A Marketer’s Guide to Agile Development – Us vs. Them

“Don’t involve them, they will just bog things down.”
“Stay under the radar with this project or they will try to hijack it.”
“All they do is whine, don’t bother give them sign-off approval.”
“We must avoid their involvement or it will never get done.”

The “Us vs. Them” dynamic is insidious. It’s always there to some degree in any gathering of humans. But improperly aligned goals, faulty processes, or even unchecked ambition can cause it to strengthen in an organization. Here are a few places you’ll find it:

Sales vs. Marketing

The story is as old as dirt. Sales complains they’re not getting enough leads. Marketing generates more leads. Sales complains the new leads are useless – they’re not ready to close. Marketing sends the unappreciated leads to another channel for nurturing. Sales angrily demands the non-closable leads be given back to them immediately. Marketing stops seeking Sales input on initiatives. Sales starts quietly initiating their own rogue direct mail and email projects at the local level.

Marketing vs. IT

Marketing needs a new landing page for a spring campaign. IT develops all web assets, and estimates 4 weeks. Marketing says it shouldn’t take more than 4 days. IT got burned with all the changes Marketing required on the last landing page, so the unwritten rule is to geneously pad all Marketing estimates – 4 weeks. Marketing instead has their intern build the landing page and host it on his fraternity’s server. When the page goes down during the frat’s Minecraft Marathon weekend, Marketing calls IT for help.

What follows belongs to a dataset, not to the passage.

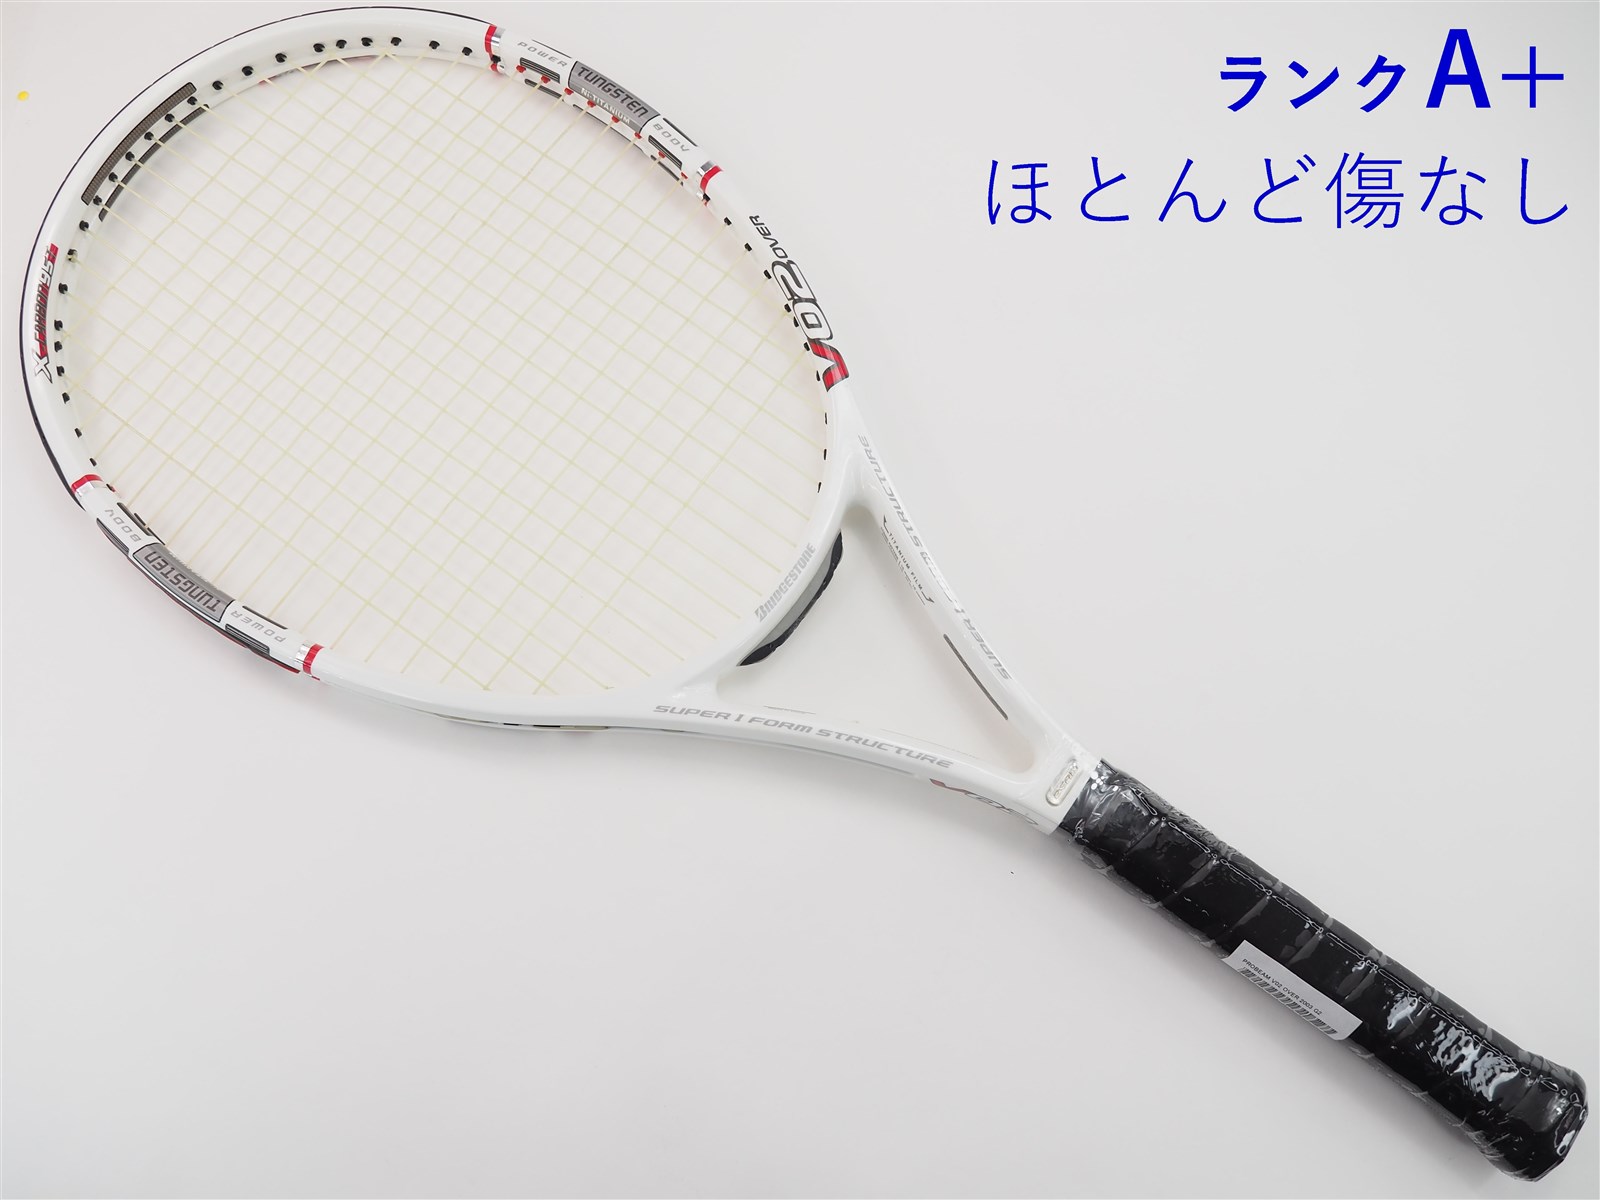 テニスラケット ブリヂストン プロビーム V-QB 2.6 2006年モデル【多数グロメット割れ有り】 (G2)BRIDGESTONE PROBEAM V-QB 2.6 2006261ｇ張り上げガット状態

Colocated Team vs. Distributed Team

Anaheim doesn’t scrum with Baltimore because it’s at 5:30 am Anaheim time. Anaheim resents Baltimore’s meddling with their self-direction and their negative impact on velocity metrics – so they don’t ask a lot of questions. Baltimore doesn’t offer the Anaheim unsolicited feedback either. They didn’t want the west coast team in the first place, and their failure wouldn’t cause many tears back east. The lean requirements are carpaccio-thin. The UX team and interaction architect are in Baltimore. The lead programmers are in Anaheim. So let’s see what the product looks like at the end. Yay.

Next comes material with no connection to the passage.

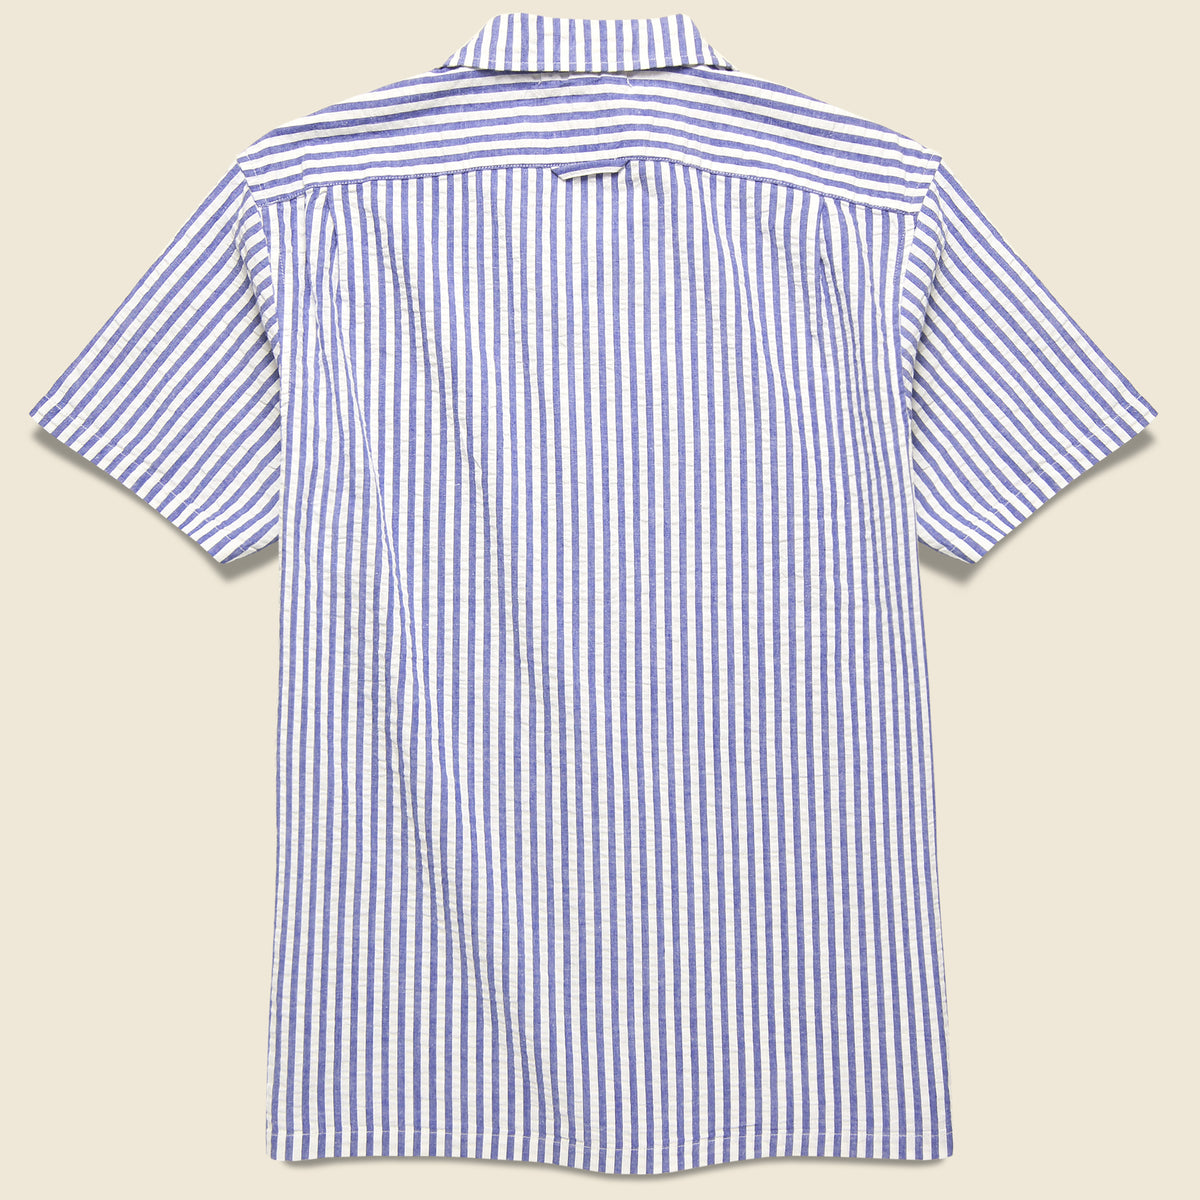 Seersucker Camp Shirt - Blue/White Stripes

It’s obvious that communication is the antidote. If it’s the higher-ups that are feeding the “Us vs. Them” mentality, you’ve got a dilemma. If you will be punished for reaching out to the “them’s”, then start looking for another job. That’s a sick organization. If not, then you can probably still set an example. Reach out. Manage up. And stay off the Minecraft server.

Agile Humor – New Certifications

The brilliant Peter Saddington, a/k/a AgileScout, posted a wickedly funny April 1st announcement of a Certified Agile Blogger course. Yep, April Fool! Read it, it’s great fun.

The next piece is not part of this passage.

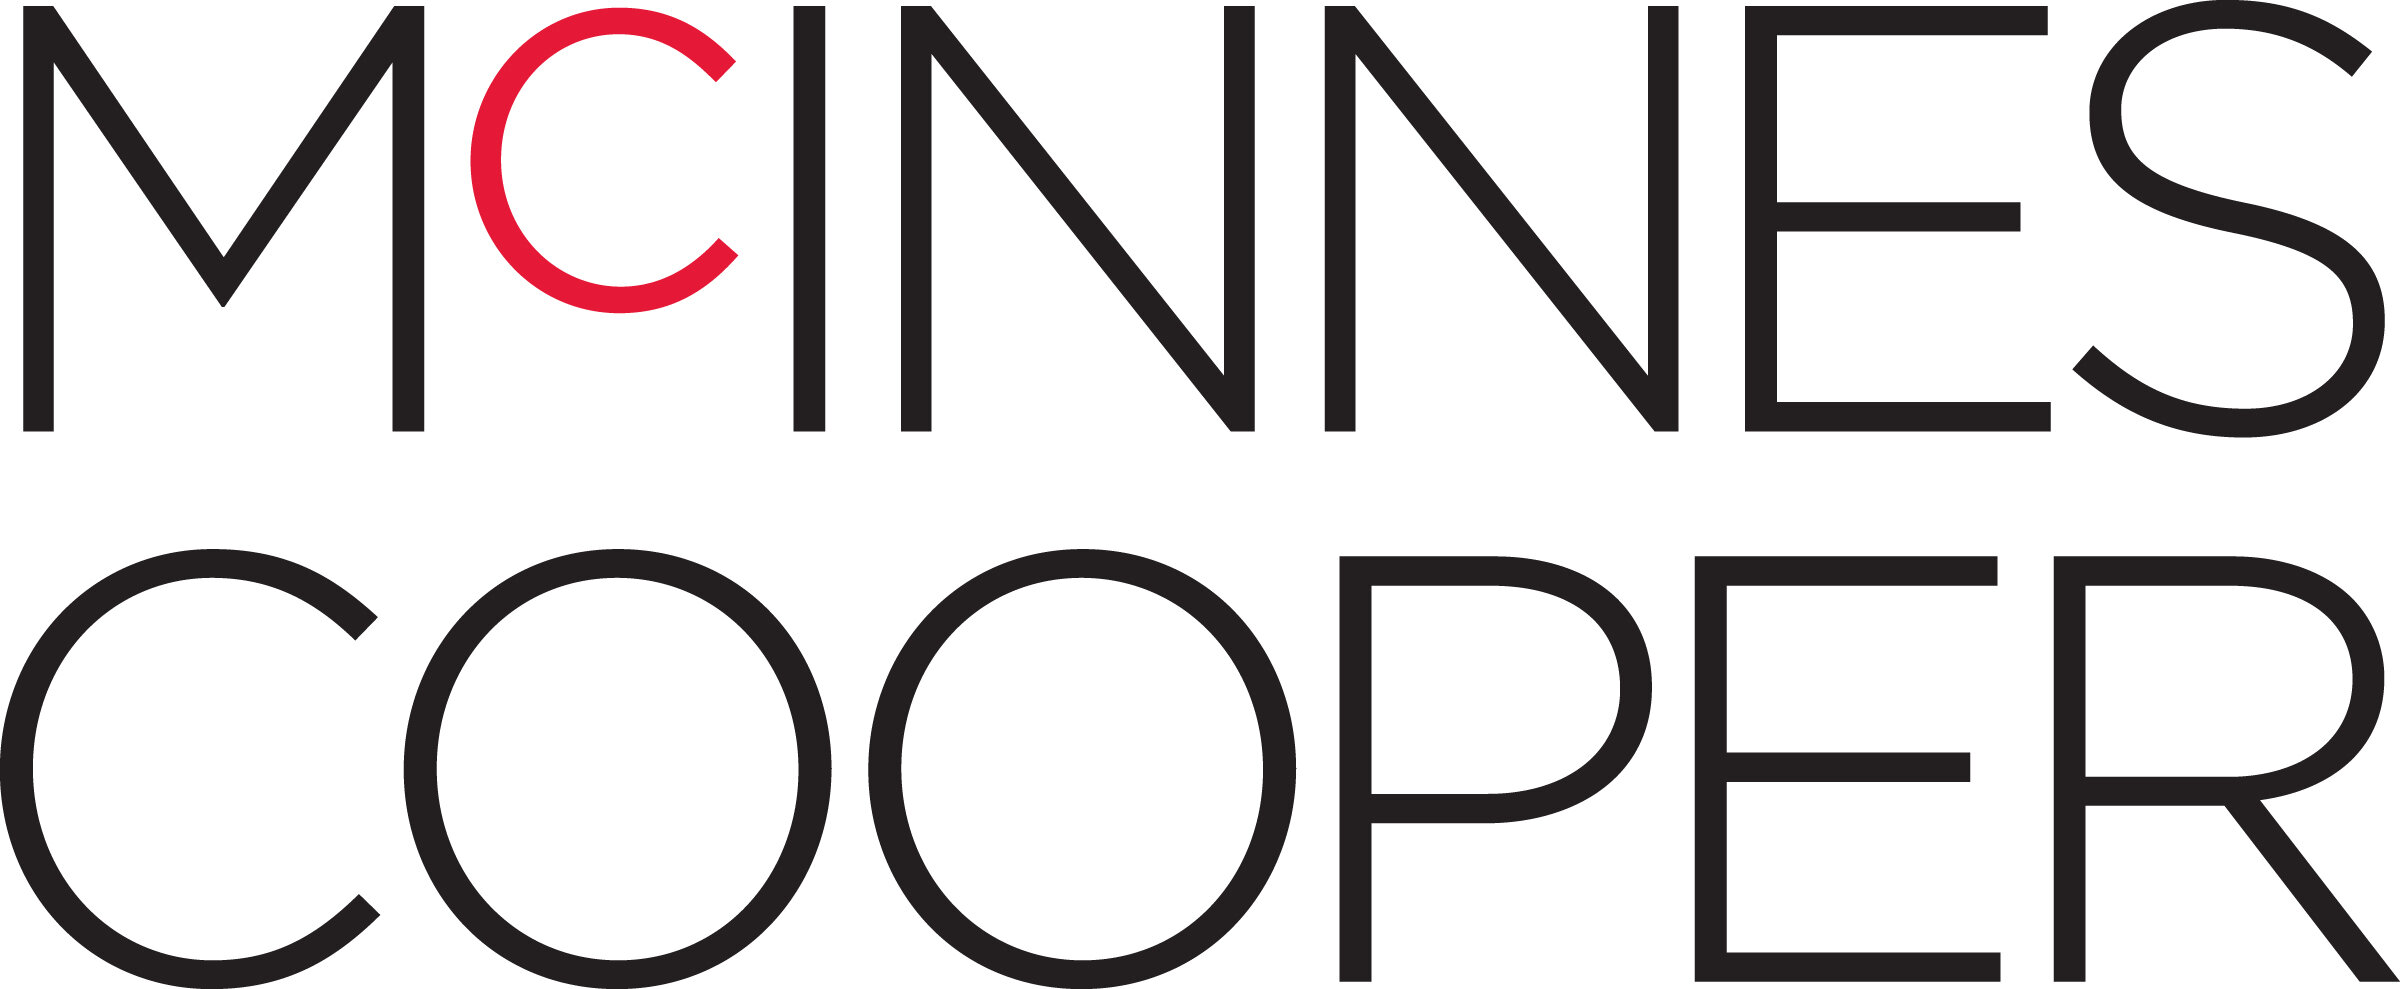 McInnes Cooper Logo.jpg

Since I blog about Agile from the point of view of the business stakeholders, it got me thinking about other certifications we could use in the Agile community.

CERTIFIED WATERFALL COUNSELOR

This 2-day course will give you all the skills you need to wean the business off Waterfall into the new Agile reality. You’ll learn to recognize the stages of change resistance:

Denial – “We’ve never done it like this, not going to start now. Unless you’re going to make each sprint eighteen months long.”
Anger – “I wouldn’t scrum with you if you were the last PM on earth!”
Bargaining – “Okay, okay – I’ll meet with you to answer your requirements questions, just give me one more product cycle that carries a three-ring binder full of comprehensive and immovable up-front requirements.”
Depression – “You don’t really want my sign-off. Nobody values my opinion anymore, all anybody cares about is that stupid wiki now.”
Acceptance – “Right, so explain to me again how that task moves from ‘In Progress’ to ‘Done’.”

CERTIFIED AGILE SHERPA

Marketing is from Vegas, Dev is from Alderan. (Silicon Valley. I meant Silicon Valley). There’s a language barrier. The two teams dress differently, have different customs. Marketing needs an Agile Sherpa, a guide and emissary, to help them navigate this unfamiliar world.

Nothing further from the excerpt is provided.